Oxford's booth at a previous AGU conference
Oxford’s booth at a previous AGU conference

Ellen Wohl: Among the ways to do this are to (1) tie research dollars to such approaches, (2) demonstrate the relevance of such approaches by highlighting (in journal articles and other venues) successful, multidisciplinary approaches to problem solving (whether the problem is applied/management or basic science), and (3) facilitating ease of access to information across disciplines, as with Oxford’s online resources.

What strengths and weaknesses can you identify in current research in your field, and how that research relates to applications?

W. Tad Pfeffer: One great strength in my research area of cryospheric environmental change is the growing use and sophistication of remote sensing tools for detecting and quantifying environmental change. These data sources generate tremendous volumes of data and demand disciplined use of data bases and imaginative processing methods to avoid getting hopelessly lost – another job for the tools I mentioned above.

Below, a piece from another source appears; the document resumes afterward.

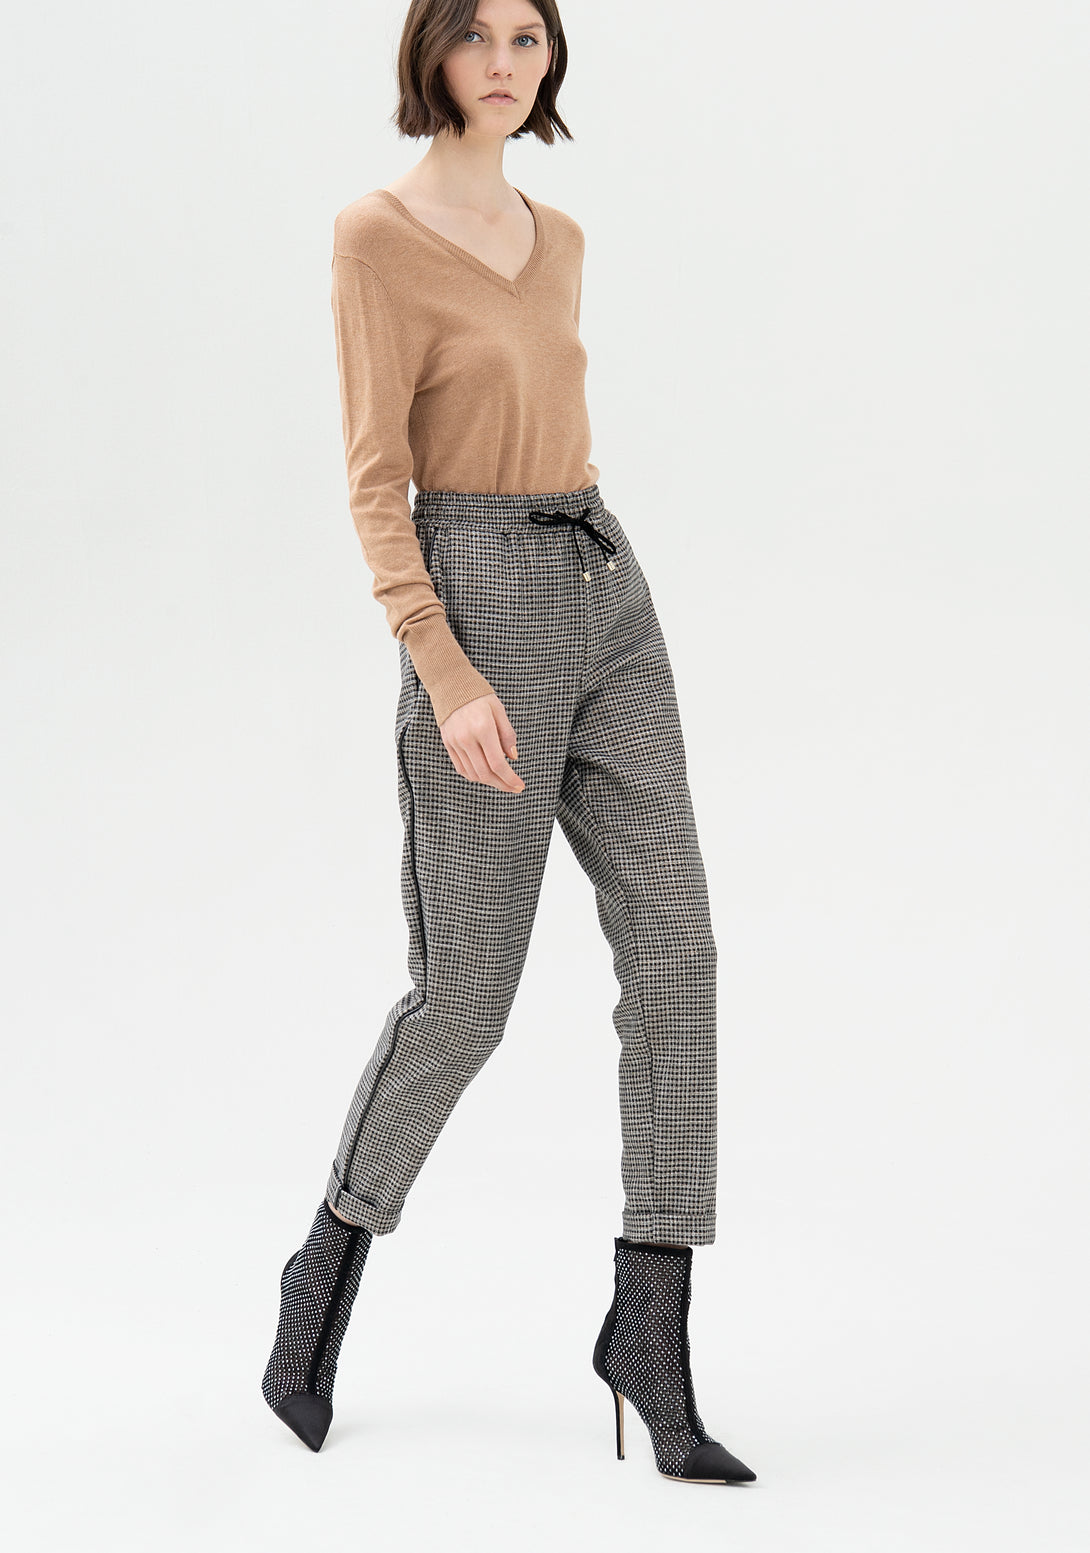 Jogger pant regular fit made in pied de poule fabric
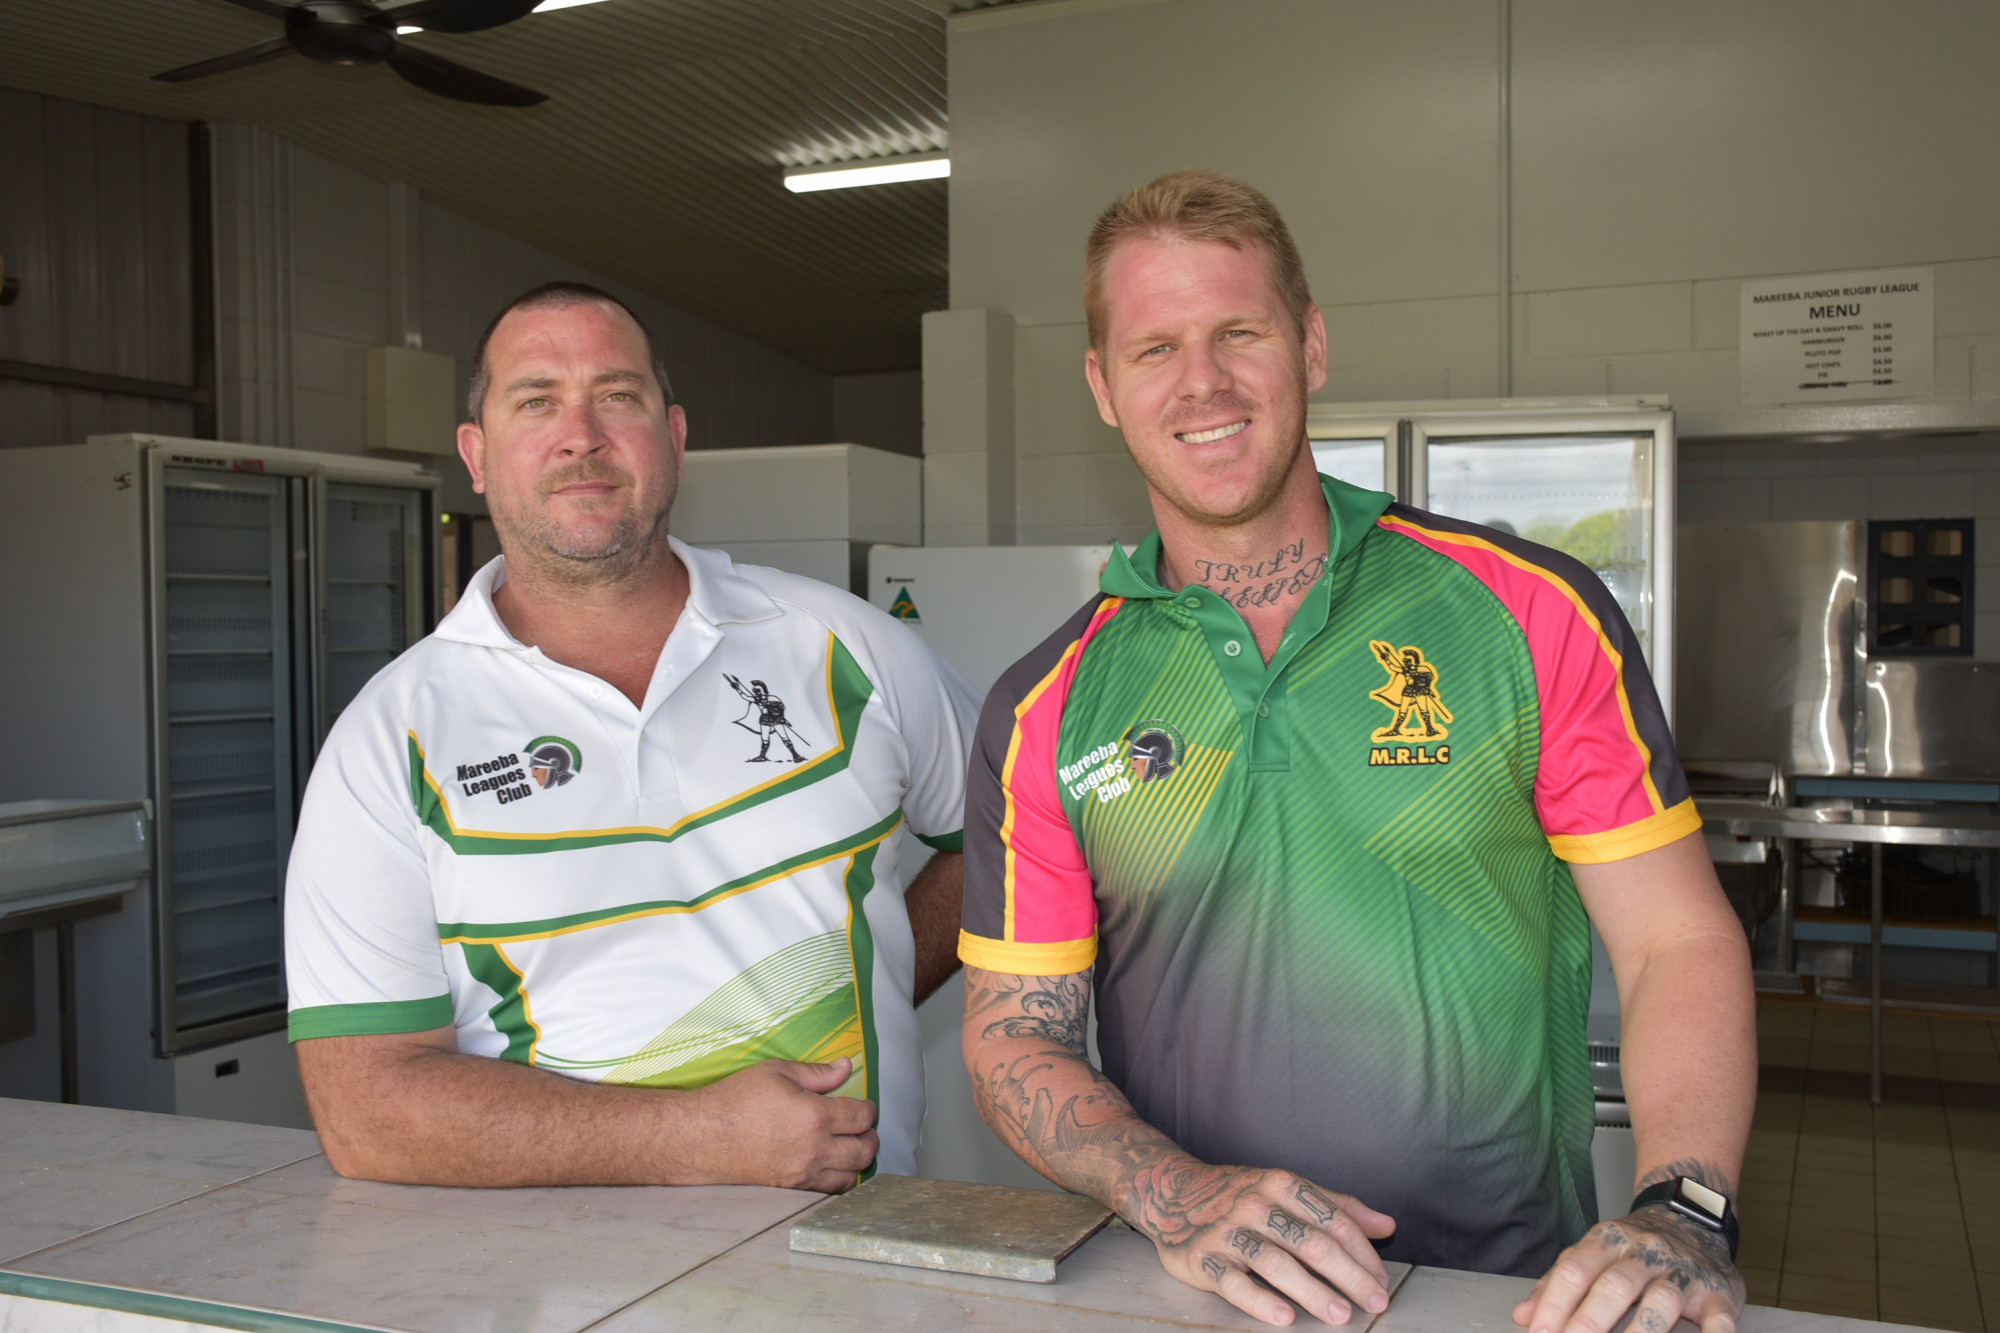 New Mareeba Gladiators President Daryl Fraser and Captain Coach Trent Barnard are both looking forward to the 2021 season with a new committee on board.

A crucial weakness in my particular area, sea level rise and environmental change, is the lack of awareness among my colleagues of the nature of the needs and concerns of the actual consumers, or “end users,” of the knowledge we produce: planners, policy makers, risk managers, etc. The scientific community, guided by traditional “pure science” principles and motivations, look for problems that are challenging, interesting, and hopefully solvable with the tools available. These criteria do not always lead my colleagues toward problems that “end users” and the public find most urgent.

This is most obvious in the disparity in time scales of future events. End users and decision makers need knowledge of environmental changes on near-term time scales of decades, while the most attractive and challenging problems for scientists studying environmental change will, in many cases, not become significant human issues for centuries or millennia.

Ellen Wohl: The literature of my field and closely related fields has expanded so rapidly that it is difficult to keep abreast of continuing research and it can be very intimidating to try to learn about a new, related field when my research expands in different directions. That is one of the great values of review and synthesis papers, as well as one of the primary services that the Oxford Bibliographies Online can supply to professional scholars, as well as to students.